The importance that Columbia founder James Rouse placed on the arts is reflected in an exhibit at the Howard County Arts Council that is part of the ongoing celebration of Columbia's 50th birthday.

"We work 24-hour shifts for a living, so we're used to getting by on a few hours of sleep," Ryan said, who estimating he's put in close to 1,500 hours on the project.

He has also hired college students and recent graduates from the theater arts departments of Howard Community College and the University of Maryland – and still has other slots to fill.

On top of his career job and overseeing the festival, Ryan is completing his doctoral dissertation in disaster epidemiology at the University of Maryland, College Park.

But no matter how busy his life gets, he still finds time to ramp up Halloween's creepiness quotient each year.

Ryan almost can't believe he is bringing to Symphony Woods, on a much-larger scale, the type of special-effects extravaganza he once assembled for fun at his family's home each Halloween, starting in New Jersey in 2006 and then in Kings Contrivance after moving to Maryland in 2011.

In 2014, vignettes that featured a sparking electric chair and a ghoulish girl singing a haunting melody from a decrepit swing-set were among the displays that attracted hundreds of visitors from around the region to his driveway until county police were forced to ask Ryan to shut the attraction down due to traffic concerns.

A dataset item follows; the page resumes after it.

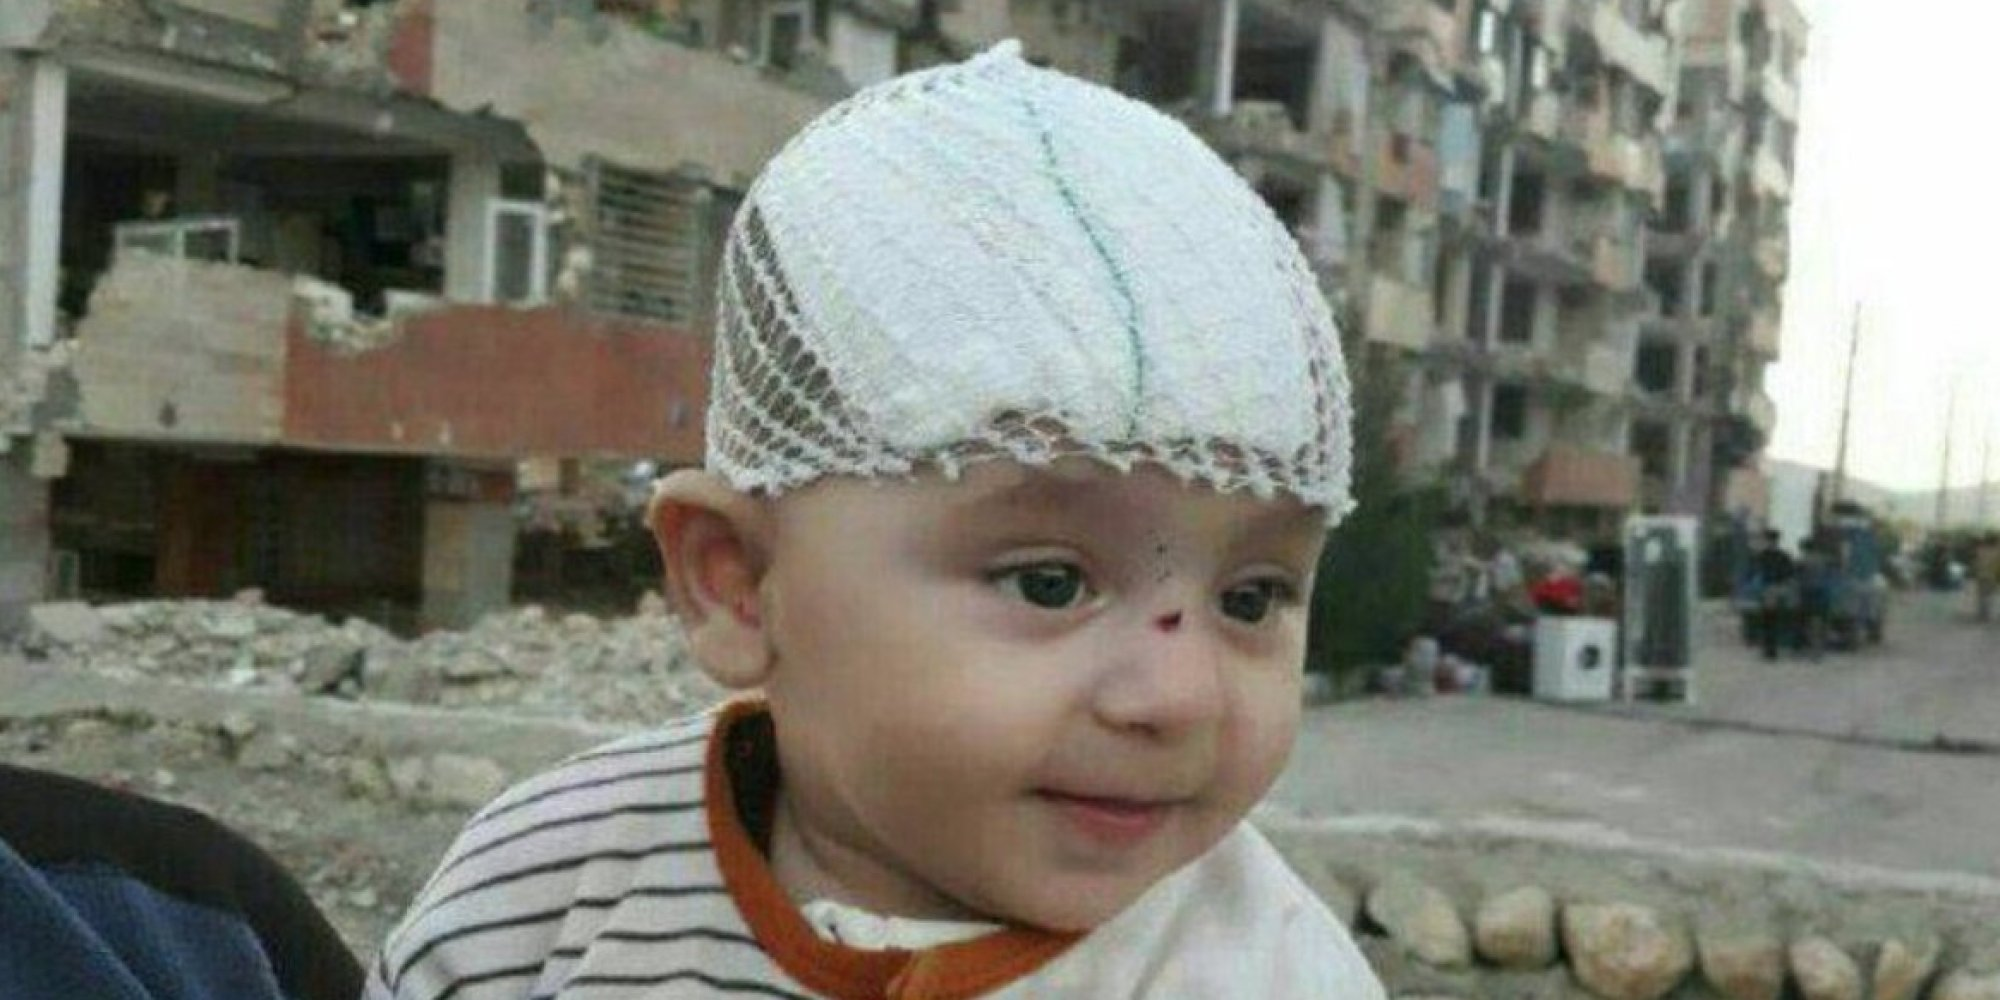 رضيع يقضي 3 أيام تحت أنقاض زلزال مدمر ويخرج حياً! قصة الطفل الذي وصف إيرانيون إنقاذه بـ معجزة إلهية

Last Halloween, Ryan set up a haunted house fundraiser for the University of Maryland, Baltimore County that drew thousands.

He pitched his idea for the abandoned circus earlier this year to the Inner Arbor Trust, which is charged with developing Merriweather Park at Symphony Woods. He's also coordinating with the county school system to bring students with physical disabilities to the ADA-compliant site during the day to enjoy a pumpkin patch and hay maze.

Nina Basu, who became president of the trust on May 1, was all in from the start.

"My mission is to bring great arts and culture events to downtown at Merriweather Park, and we need to make money to be able to provide those experiences," she said.

"This festival will be a really great theatrical production, and it was fortuitous that Gene and I each needed what the other had to offer."

Ryan said his years of experience with creating larger and larger Halloween events has proved to be his own "Field of Dreams."

"I find that if we build it, people will come," he said. janeneholzberg76@gmail.com

If you go

CarnEVIL will be held on select nights from Oct. 13 to Nov. 5 at Merriweather Park at Symphony Woods, 10475 Little Patuxent Parkway, Columbia. Opening night will not be suitable for children, organizers caution. For festival rules, free-parking information and to purchase general admission tickets ($40.33) or VIP tickets ($63.93), go to carnyfest.com.

Note: An earlier version of this story included an incorrect web address for the event. It has been corrected here.